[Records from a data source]
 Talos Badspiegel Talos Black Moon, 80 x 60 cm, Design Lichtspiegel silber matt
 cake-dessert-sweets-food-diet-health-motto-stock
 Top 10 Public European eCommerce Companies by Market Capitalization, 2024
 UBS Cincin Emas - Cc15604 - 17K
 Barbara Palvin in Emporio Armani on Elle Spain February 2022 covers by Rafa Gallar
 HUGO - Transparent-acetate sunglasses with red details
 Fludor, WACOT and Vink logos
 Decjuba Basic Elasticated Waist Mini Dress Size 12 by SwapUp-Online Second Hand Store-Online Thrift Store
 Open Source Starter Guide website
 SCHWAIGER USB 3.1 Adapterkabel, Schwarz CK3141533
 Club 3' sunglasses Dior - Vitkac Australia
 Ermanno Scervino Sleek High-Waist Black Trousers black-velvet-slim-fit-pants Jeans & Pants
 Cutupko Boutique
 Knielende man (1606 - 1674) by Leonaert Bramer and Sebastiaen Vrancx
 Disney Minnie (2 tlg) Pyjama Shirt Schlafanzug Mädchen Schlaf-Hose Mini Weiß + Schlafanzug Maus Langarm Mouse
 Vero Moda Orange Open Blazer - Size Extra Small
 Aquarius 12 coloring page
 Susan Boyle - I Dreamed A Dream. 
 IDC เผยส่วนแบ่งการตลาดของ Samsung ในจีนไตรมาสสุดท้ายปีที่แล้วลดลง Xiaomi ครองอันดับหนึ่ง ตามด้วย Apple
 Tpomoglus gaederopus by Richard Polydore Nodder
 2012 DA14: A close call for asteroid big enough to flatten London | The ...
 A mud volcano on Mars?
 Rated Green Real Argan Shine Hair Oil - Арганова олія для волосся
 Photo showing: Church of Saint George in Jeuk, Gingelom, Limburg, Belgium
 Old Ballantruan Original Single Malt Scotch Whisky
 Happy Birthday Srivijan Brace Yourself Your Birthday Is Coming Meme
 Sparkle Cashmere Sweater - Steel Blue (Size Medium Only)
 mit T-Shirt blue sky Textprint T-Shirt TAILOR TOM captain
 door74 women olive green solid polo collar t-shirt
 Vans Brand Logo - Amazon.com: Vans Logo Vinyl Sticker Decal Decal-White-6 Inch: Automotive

* Task statement *
Can you write out the lines above, from the first one through the one containing "Tpomoglus gaederopus by", exactly as they appear and nothing more?

* Task solution *
 Talos Badspiegel Talos Black Moon, 80 x 60 cm, Design Lichtspiegel silber matt
 cake-dessert-sweets-food-diet-health-motto-stock
 Top 10 Public European eCommerce Companies by Market Capitalization, 2024
 UBS Cincin Emas - Cc15604 - 17K
 Barbara Palvin in Emporio Armani on Elle Spain February 2022 covers by Rafa Gallar
 HUGO - Transparent-acetate sunglasses with red details
 Fludor, WACOT and Vink logos
 Decjuba Basic Elasticated Waist Mini Dress Size 12 by SwapUp-Online Second Hand Store-Online Thrift Store
 Open Source Starter Guide website
 SCHWAIGER USB 3.1 Adapterkabel, Schwarz CK3141533
 Club 3' sunglasses Dior - Vitkac Australia
 Ermanno Scervino Sleek High-Waist Black Trousers black-velvet-slim-fit-pants Jeans & Pants
 Cutupko Boutique
 Knielende man (1606 - 1674) by Leonaert Bramer and Sebastiaen Vrancx
 Disney Minnie (2 tlg) Pyjama Shirt Schlafanzug Mädchen Schlaf-Hose Mini Weiß + Schlafanzug Maus Langarm Mouse
 Vero Moda Orange Open Blazer - Size Extra Small
 Aquarius 12 coloring page
 Susan Boyle - I Dreamed A Dream. 
 IDC เผยส่วนแบ่งการตลาดของ Samsung ในจีนไตรมาสสุดท้ายปีที่แล้วลดลง Xiaomi ครองอันดับหนึ่ง ตามด้วย Apple
 Tpomoglus gaederopus by Richard Polydore Nodder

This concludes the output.